La E-réputation sur internet en 9 points
(Mise à jour 11/01/2020)
Voici 9 points pour gérer une question d’e-réputation sur internet.
N'hésitez pas à me contacter par email si vous avez des questions : reynaud.avocat@gmail.com
1/ Vérifier si les contenus sont illégaux et identifier la bonne base légale de l'action :
Le contenu préjudiciable peut être soit :
- diffamatoire ou injurieux à l'égard d'une personne physique ou morale,
- dénigrant un produit ou un service d'un commerçant ou d'une société,
- être de la concurrence déloyale de la part d'un concurrent,
- porter atteinte à la vie privée ou à l'image d'une personne physique,
- constituer une atteinte à la législation sur les données personnelles d'une personne physique.
Chacune de ces catégories renvoie à des règles de droit bien spécifiques.

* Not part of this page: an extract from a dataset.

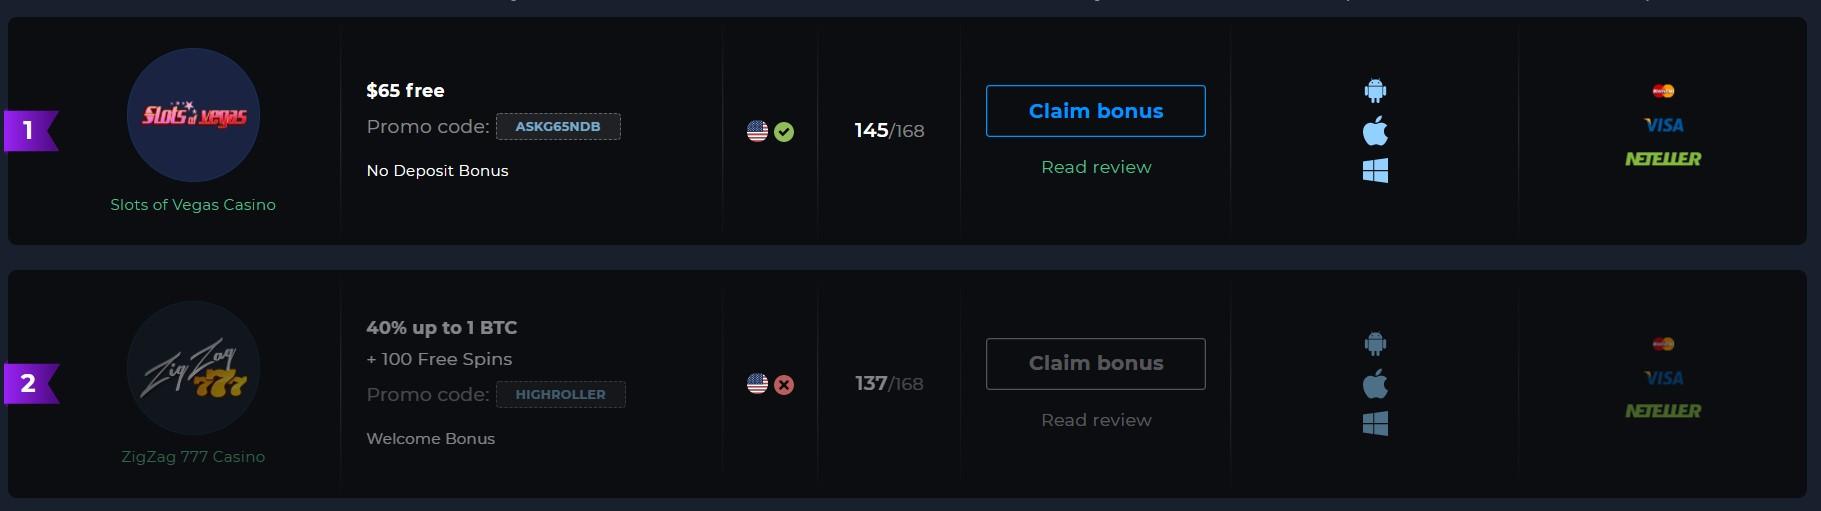 How to Claim 65 Dollars Bonus

Attention à ne pas se tromper de qualification en cas de poursuite judiciaire.
Par exemple, la critique d'un produit ou d'un service relève du dénigrement (Trib. com., référé, 5 mars 2020 au sujet d' un article approximatif sur un blog) et non de la diffamation ou de l'injure (Loi 1881 sur la presse).
La distinction entre la critique d'un produit ou d'un service (dénigrement) et la critique d'une personne morale (diffamation) peut être subtile comme le montre l'arrêt de la Cour d'appel de Paris du 8 janvier 2020 qui infirme une décision du tribunal de commerce sur ce sujet...
Concernant le dénigrement, pour que la critique d'un produit ou d'un service soit légale, il faut respecter 3 conditions :
- 1/ l'information en cause doit se rapporter à un sujet d'intérêt général (santé, sécurité, politique...),
- 2/ l'information doit reposer sur une base factuelle suffisante,
- 3/ l'information doit être exprimée avec une certaine mesure.
À l'inverse, des propos dénigrants dont la base factuelle est discutable permettent d'agir en référé pour les supprimer (Cass., civ, 4 mars 2020, 18-15651).
De même, le débat d'intérêt général ne doit pas servir de prétexte à diffuser des informations relevant de la vie privée, en l'espèce la vie amoureuse et sentimentale de deux ministres (Cass. civ. 11 mars 2020, 19-13716).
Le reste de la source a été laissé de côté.